パタゴニアのトレーサブル・ダウンはダウンの供給元となる鳥が最も強固な動物福祉および消費者保証基準によって守られていることを確実にするために親鳥農場から衣類製造工場まで追跡されています。それには鳥の生涯のあらゆる面における確固とした要件、特に強制給餌とライブ・プラッキングからの保護を含みます。

パタゴニアは健全な動物福祉を目指し、2007年にダウンのサプライチェーンと取り組みはじめました。そして2014年の秋以来、パタゴニア製品のインサレーションに採用されるバージン・ダウンのすべてがアパレル業界最高の基準であるパタゴニア独自の「トレーサブル・ダウン基準」を満たしています。

また2017年の秋製品より、パタゴニアのバージン・ダウンは同時に〈NSF International〉による「グローバル・トレーサブル・ダウン基準(グローバルTDS)」を満たしていることが認証されるようになったことを喜ばしく思います。〈NSF International〉は世界の商品、水、消費者製品と環境を保護するために公衆衛生基準と認証プログラムを開発する正式認可を受けた独立組織です。同組織は「グローバルTDS」を開発し、その基準について認証します。

私たちの追跡工程はまず卵を産む鳥を育てる親鳥農場の監査から着手します。そこでは鳥は最高4年まで飼われるため、ライブ・プラッキングが行われるリスクが一番高い場所です。パタゴニアは親鳥農場の鳥からのダウンを調達していませんが、ダウンのサプライチェーンの必須部分であるため、鳥の福祉を検証する義務があると感じています。このことは動物福祉に関心を持つ他のブランドから私たちを際立たせています。

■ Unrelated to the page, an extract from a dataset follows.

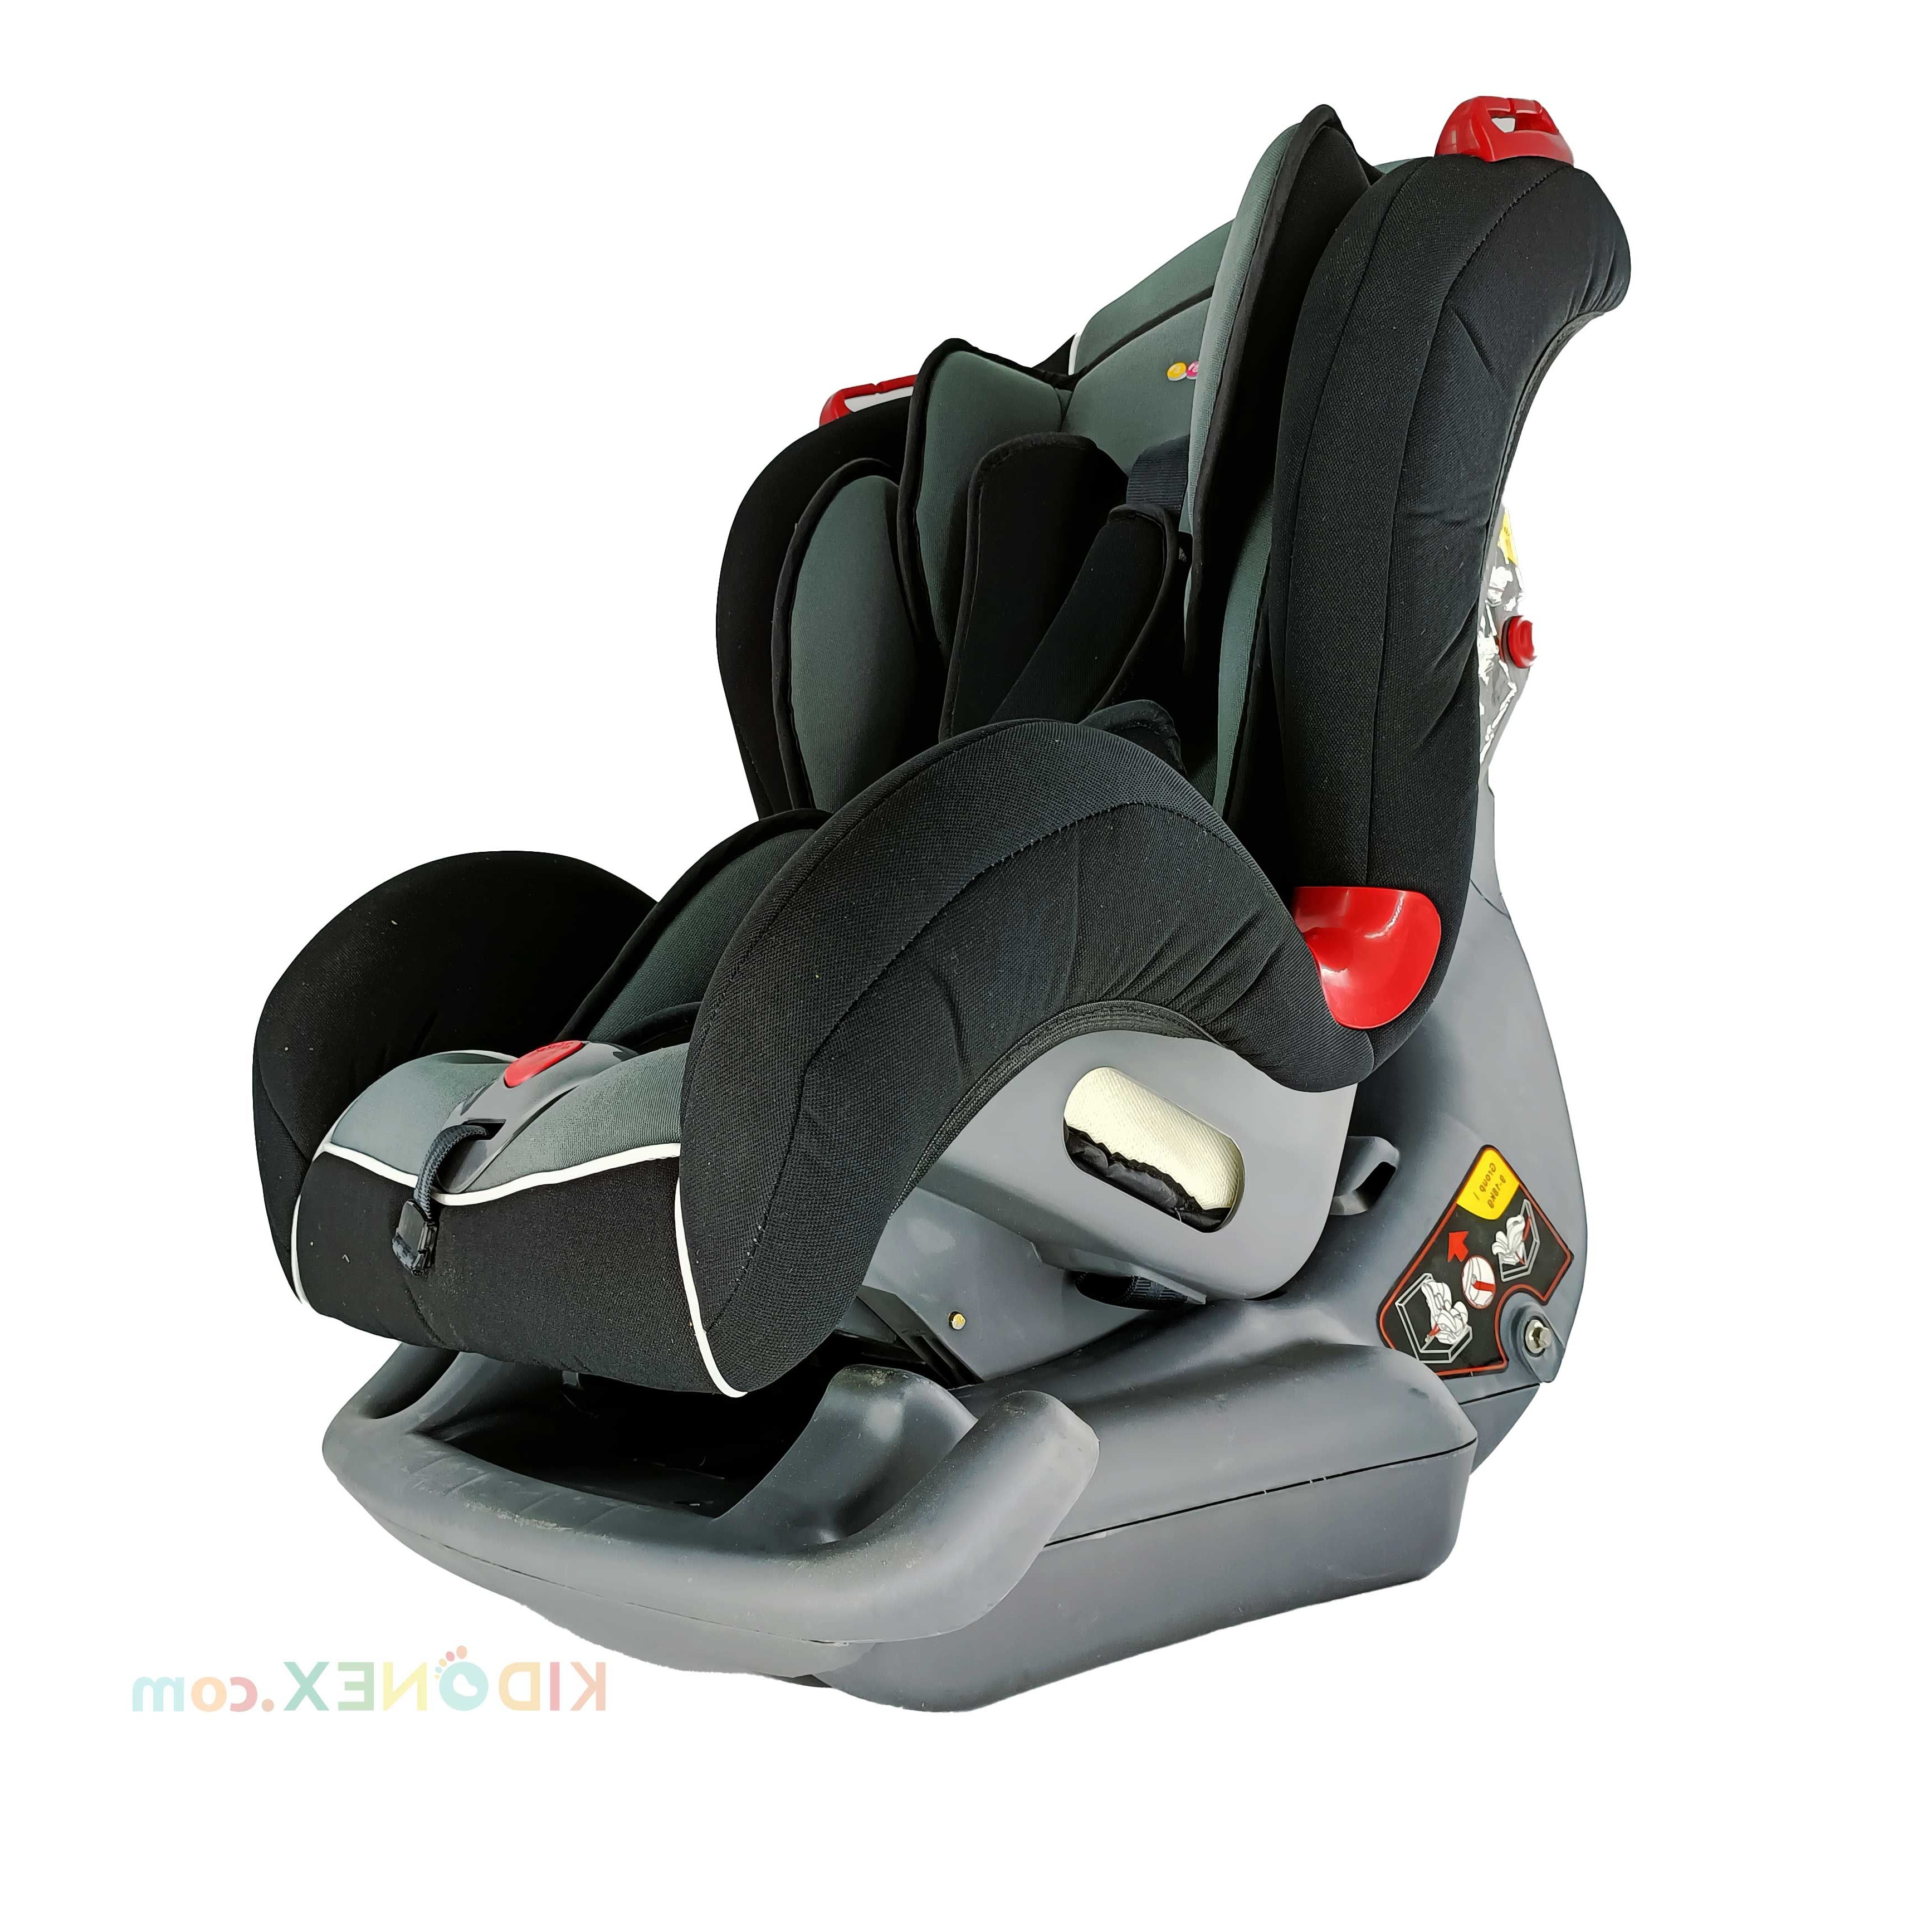 Car Seat for Kids of 0 to 5 Years Age (Black & Grey)

親鳥農場で生まれた卵は他の農場に移され、ヒヨコは食肉のために飼育されます。私たちは健全な動物福祉慣行を保証するため、これらの農場を監査します。ダウンは食肉産業の副産物で、私たち食肉処理場からのみダウンを購入します。食肉用に育てられたガチョウが食肉処理され、ダウンが採取されたあと、私たちは洗浄、仕分け、加工施設にわたってダウンを辿り、これらのダウンが適切に追跡されていること、非トレーサブル・ダウンから分離されていることを確認します。私たちは製造工場まで監査を続けます。パタゴニアのダウンが他のそれから区分けされ、パタゴニア製品のみに使用されることを保証するためです。仕事はかなりの量になりますが、私たちが使うダウンを採取したすべての鳥が人道的な扱いを受けていることを保証する方法です。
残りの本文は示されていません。